A few days after the tea-party, Colonel and Mrs. Davenport came to take tea at the parsonage. It was an engagement of long standing, and eagerly looked forward to by the children, who with one accord begged that they might be allowed to sit up and hear the Colonel's stories.

For, stories of the war it was known the Colonel could tell; the fame of them hovered in vague traditions on the hills and valleys of Poganuc, and whenever he was to be in the circle it was always in the programme of hope that he might be stimulated and drawn out to tell of some of the stirring scenes of his camp-life.

In a general way, too, the children were always glad to have company. The preparations had a festive and joyous air to their minds. Mrs. Cushing then took possession of the kitchen in person, and various appetizing and suggestive dainties and condiments stood about in startling profusion. Dolly and the boys stoned raisins, pounded cinnamon, grated nutmegs and beat eggs with enthusiasm, while Nabby heated the oven and performed the part of assistant priestess in high and solemn mysteries. Among her many virtues and graces, Mrs. Cushing had one recommendation for a country minister's wife which commanded universal respect: she could make cake. Yea, more, she could make such cake as nobody else could make—not even Colonel Davenport's Venus.

So the children had stoned raisins, without eating more than the natural tribute to be expected in such cases; they had been allowed in perquisites a stick of cinnamon apiece; and the pound-cake, the sponge-cake, the fruit-cake and the tea-rusks were each in their kind a perfect success.

During tea-time every word uttered by the Colonel was eagerly watched by attentive and much-desiring ears; but as yet no story came. The vivacity imparted by two or three cups of the best tea was all spent in denunciations of the Democrats, their schemes, designs and dangers to the country, when the Colonel and Dr. Cushing seemed to vie with each other in the vigor and intensity of their prognostications of evil.

But after tea there came the genial hour of the social sit-down in front of the andirons, when the candles were duly snuffed, and the big fore-stick had burned down to glowing coals, and the shadows played in uncertain flashes up and down the walls of the fire-lighted room; and then the Colonel's mind began traveling a road hopeful to his listening auditors.

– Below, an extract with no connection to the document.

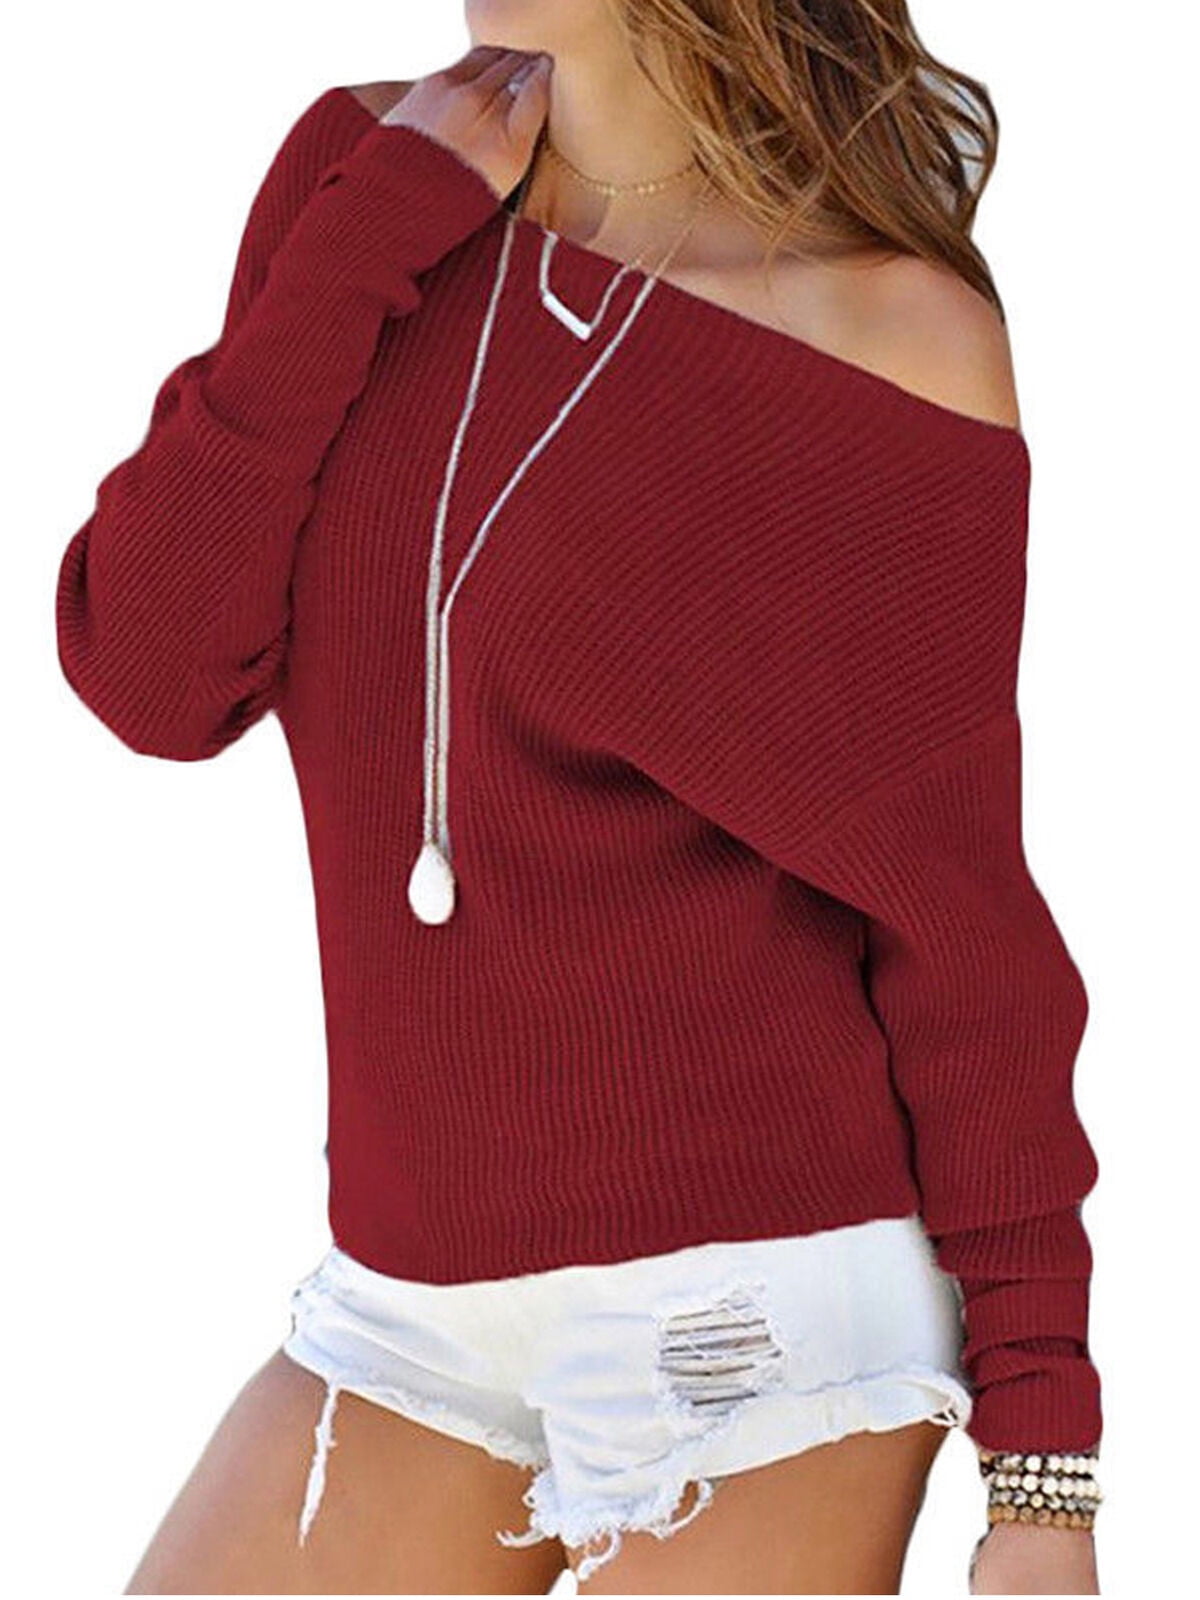 luethbiezx - One Shoulder Sweaters Women Autumn Pure Color Autumn Warm ...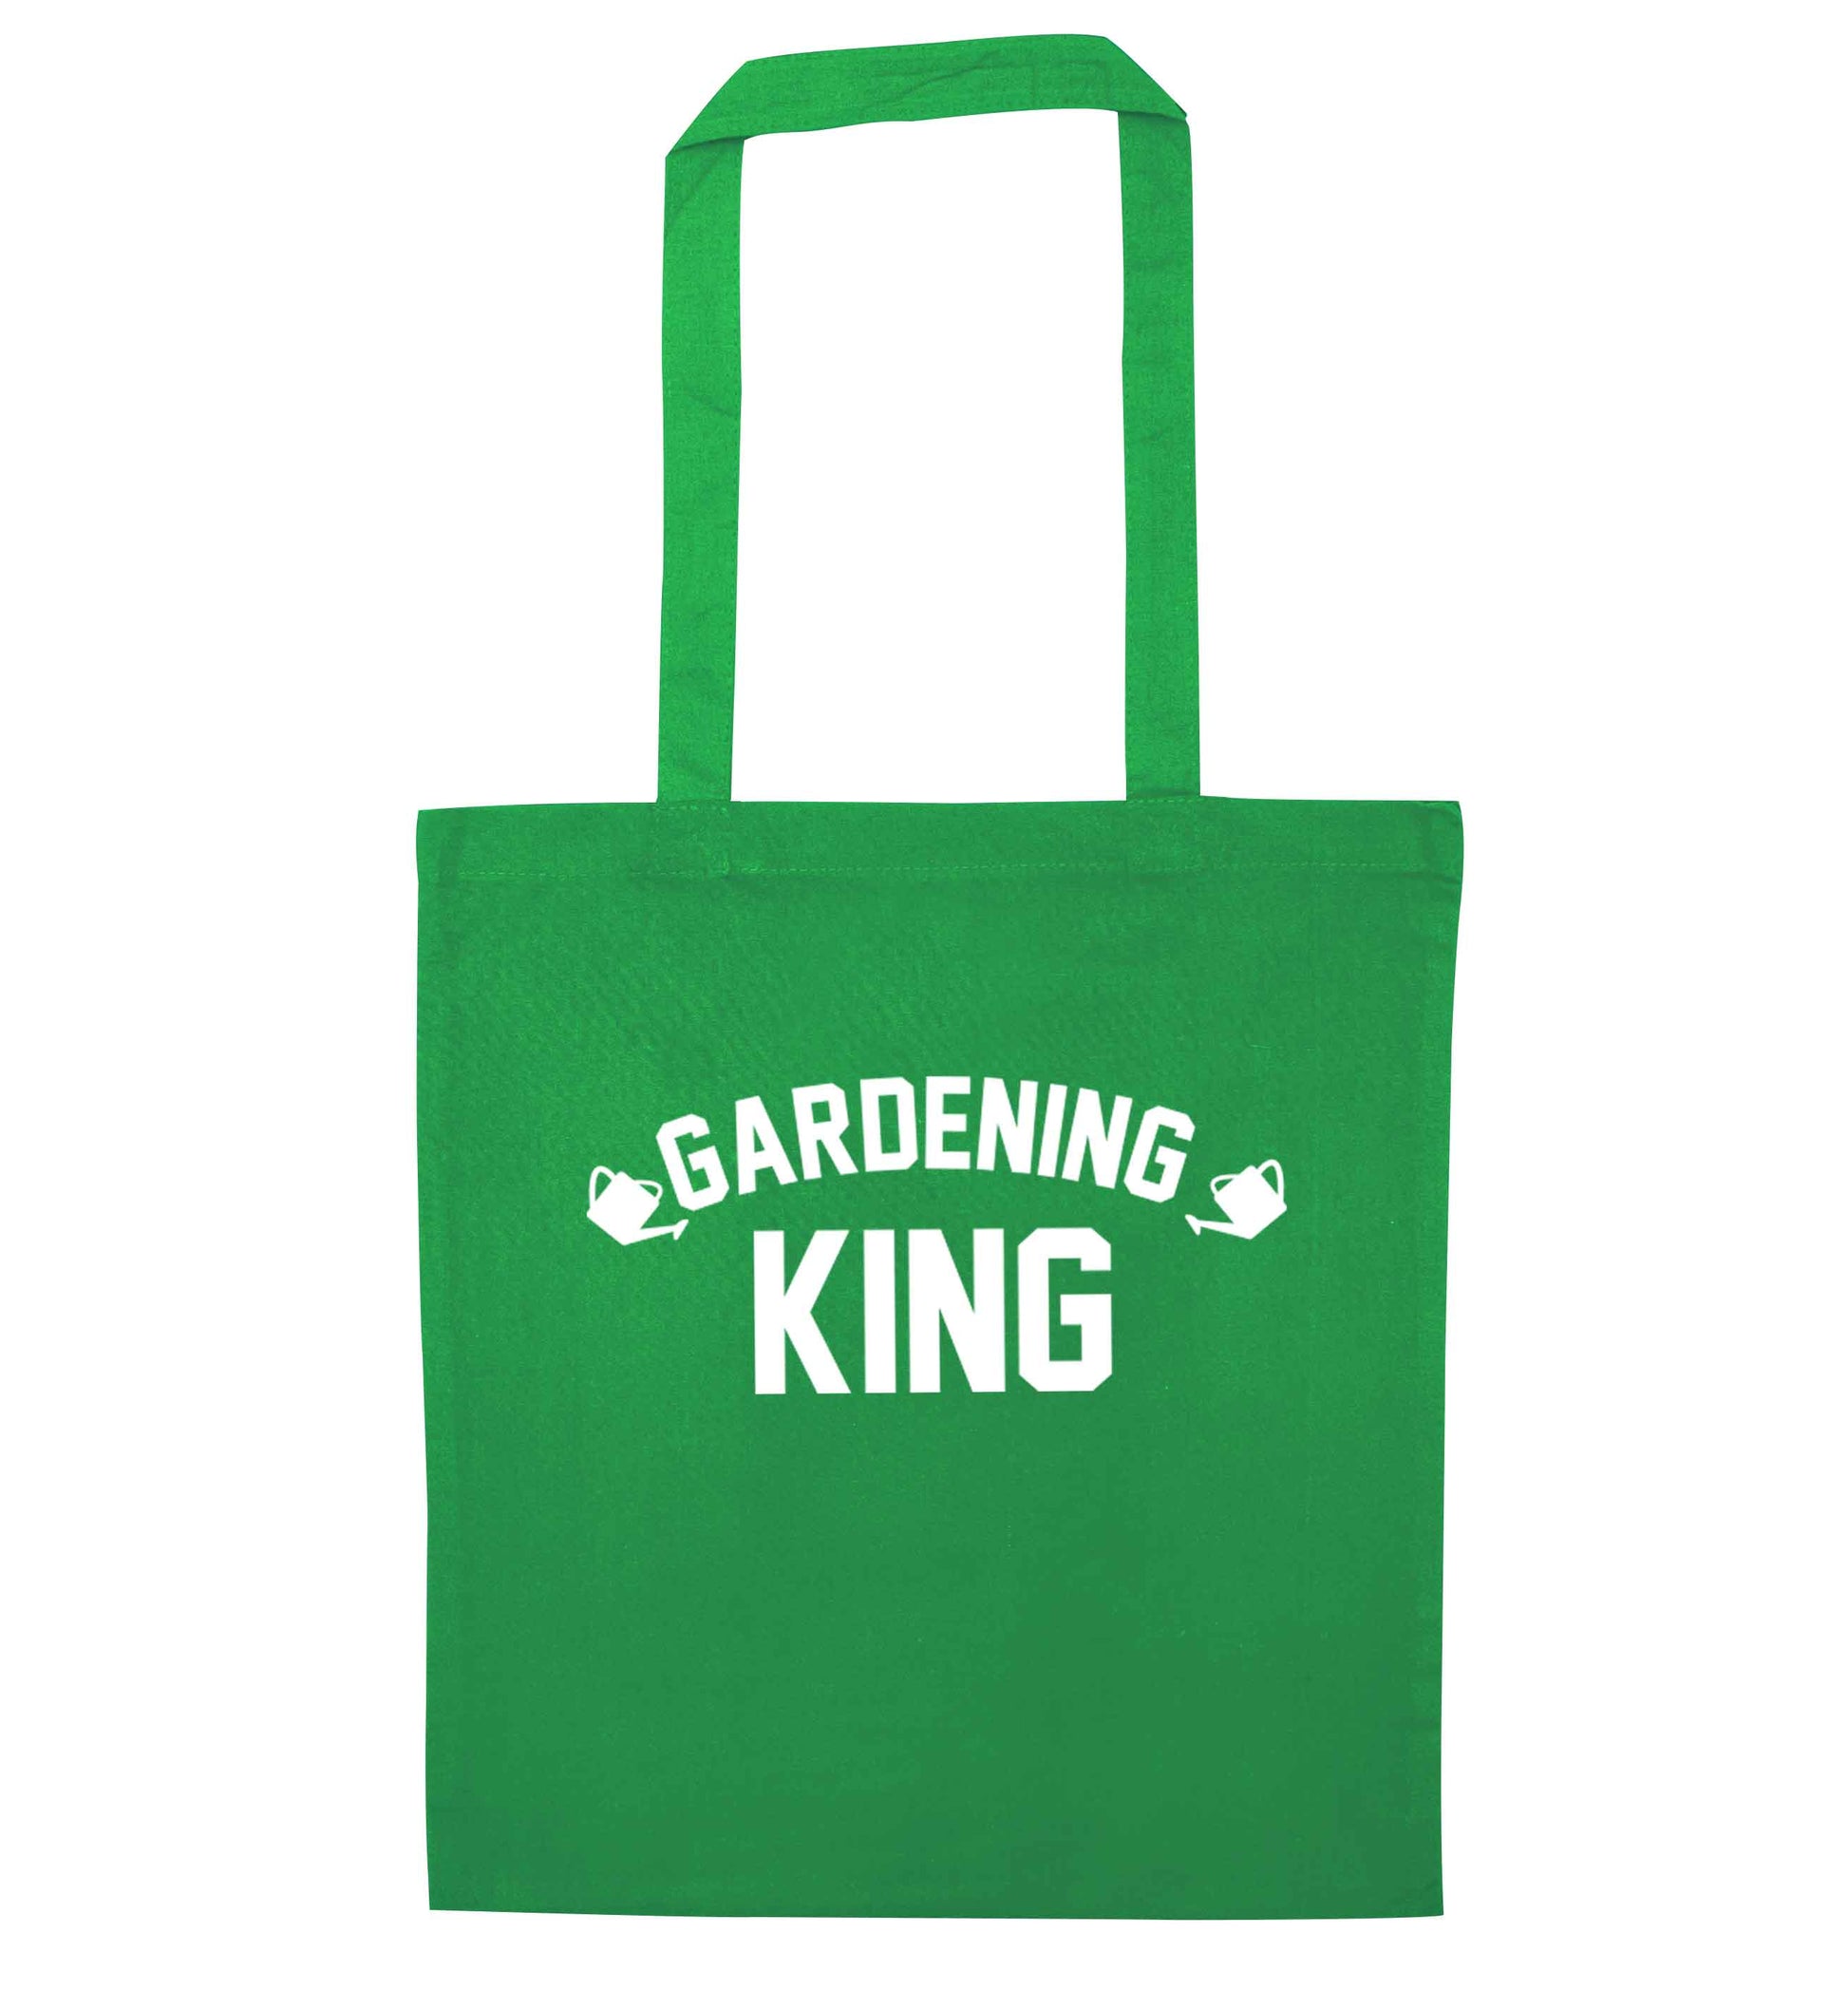 Gardening king green tote bag

From Democracy to Jefferson, from Jefferson to France and the French Revolution, the conversation led by easy gradations, and thence to the superior success of our own Revolution—from La Fayette to Washington.

Now, the feeling of the Doctor and of his whole family for General Washington was to the full as intense as that of the ancient Israelites for Moses. They were never tired of hearing the smallest particular about him—how he looked; how he walked; what he wore; the exact shade of his eyes; the least word that ever dropped from his lips.

"You have no doubt whatever that the General was a religious man?" said the Doctor, propounding what was ever his most anxious inquiry with regard to one who had entered on the Invisible Verities.

"Not a doubt, sir," was the Colonel's reply, in those ringing and decisive tones which were characteristic of him.